The level of oncogene expression in the cell lines was evaluated by reverse transcription PCR (RT -PCR ) and flow cytometry. The total mRNA from the cell lines was extracted using Trizol (Invitrogen) as per the manufacturers' protocol. The extracted mRNA was used to synthesize the first strands of cDNA using the ImProm-II™ Reverse Transcriptase (Promega) kit.
PCR with sequence-specific primers was carried out to identify the nucleotide sequences of the genes of interest and eGFP marker gene in the total cDNA. The following primers were used for RUNX1(K83N): sense-AGTCTACCAATACCTGGGA; antisense-TCTCAGCTGTGGTGGTGAAG, for AML1/ET O: sense-CATTCACCGAGATAGGAG; antisense-AAGTCTCGGCGTCACTGAT, for eGFP : sense-ACCTACGGCCTGCAGTGCT; antisense-TGCCGTTCTCTGCTGTCG. PCR products were then visualized after 1.5% agarose gel electrophoresis. The results were processed using the Gel-Pro Analyzer 4.0 software, which gives a maximum optical density (maxOD) reading. The results were normalized against ≤-actin.

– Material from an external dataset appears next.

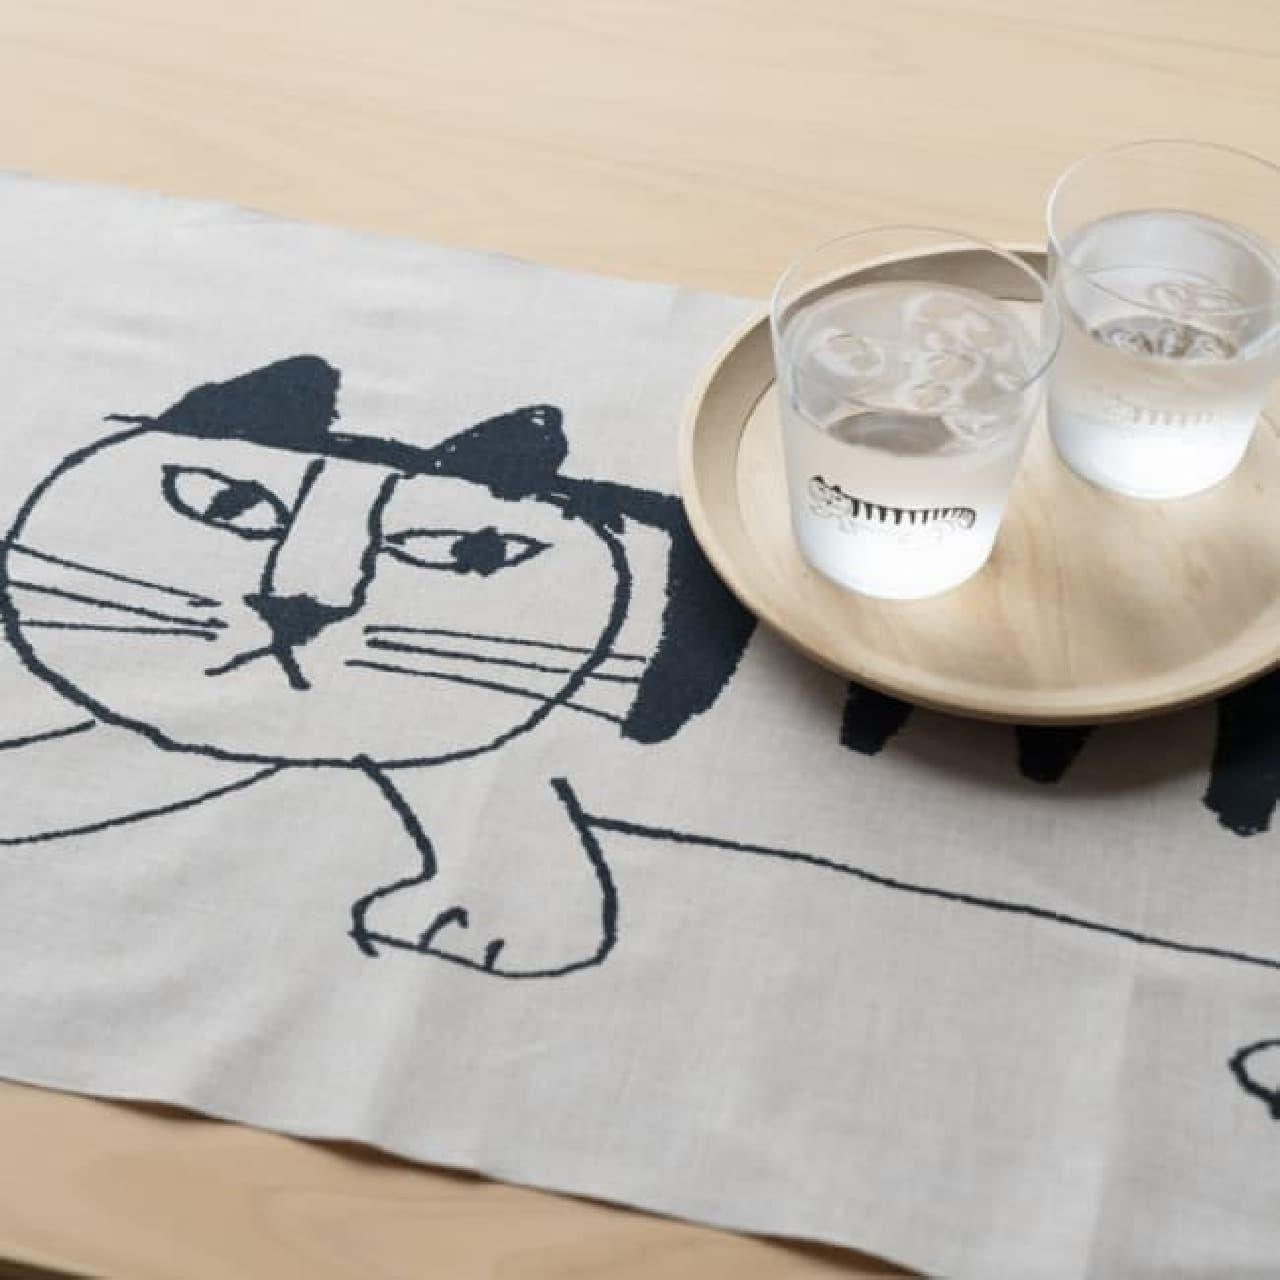 伝統工芸とコラボ!リサ・ラーソンの豆皿や手ぬぐいが可愛い -- トンカチストア「JAPANシリーズ」特集

Cell fluorescence was measured using an Epics 4XL Beckman Coulter flow cytometer (United States). The WinMDI2.8 software program was used for data collection and data analysis. The diagrams of the percentage of fluorescent cells in the cell populations are shown in Fig. 2. Cell populations transfected with respective siRNA duplexes are shown along the X axis, while the percentage of fluorescent cells in the population is shown on the Y axis.
Fig. 2.
Results obtained after flow cytometric analysis of cell suspensions. The percentage of fluorescent cells in the population of different siRNA transfected cell lines is shown. A) The percentage of fluorescent cells in the AML1-ETO expressing murine fibroblast cell line 48 hours after transfection with various siRNA duplexes. B) The percentage of fluorescent cells in the RUNX1(K83N) expressing murine fibroblast cell line 48 hours after transfection with various siRNA duplexes
Results obtained by flow cytometry correlate well with the results obtained by RT-PCR . The electrophoregram of RT-PCR products is shown in Fig. 4. The reduction of oncogene mRNA is clearly visible in the SC1-AML1/ET O(t8;21) transgenic cell lines transfected with siRNA oligonucleotides targeting the 5'-end of RUNX1 mRNA, ETO mRNA and the site of junction of AML1-ETO mRNA. Oncogene mRNA reduction is also seen in the SC1-RUNX1(K83N) transgenic cell lines transfected with siRNA oligonucleotides targeting the 5'- and 3'-ends of RUNX1 mRNA.
Fig. 4.
The gene silencing kinetics of synthetic siRNA oligonucleotides targeting the junction point of AML1-ETO mRNA
While there is a significant reduction of fluorescence in a portion of the cell population (two times or more) after the addition of synthetic siRNA, there is no such reduction in fluorescence in the rest of the cell population (Fig. 3). This coincides with the results obtained by RT-PCR (Fig. 3). The most likely reason for this is the low efficiency of siRNA delivery into cells. According to the manufacturers of Lipofectamin2000 (Invitrogen), the lipofection efficiency with siRNA oligonucleotides is 50-60% and depends on the nature of the cells being transfected. Apart from this, there is the possibility of a reduction of synthetic siRNA activity due to their enzymatic degradation, which is catalyzed by cellular endonucleases, despite the stabilizing modifications introduced to the siRNA oligonucleotides. According to our data, the maximum interfering activity of synthetically modified siRNA is observed 48-72 hours post transfection. The gene silencing kinetics of synthetic siRNA oligonucleotides targeting the junction point of AML1-ETO mRNA is illustrated in Fig. 4. The moment of siRNA transfection has been taken as zero-time reference.
Fig. 3.
The electrophoregram of RT-PCR products of total cDNA obtained from oncogene expressing model cell lines transfected with siRNA. 1) siRNA(AML1-5`), 2. siRNA(AML1-3`), 3. siRNA(AML1-ETO), 4. siRNA(ETO), 5. Control (without siRNA)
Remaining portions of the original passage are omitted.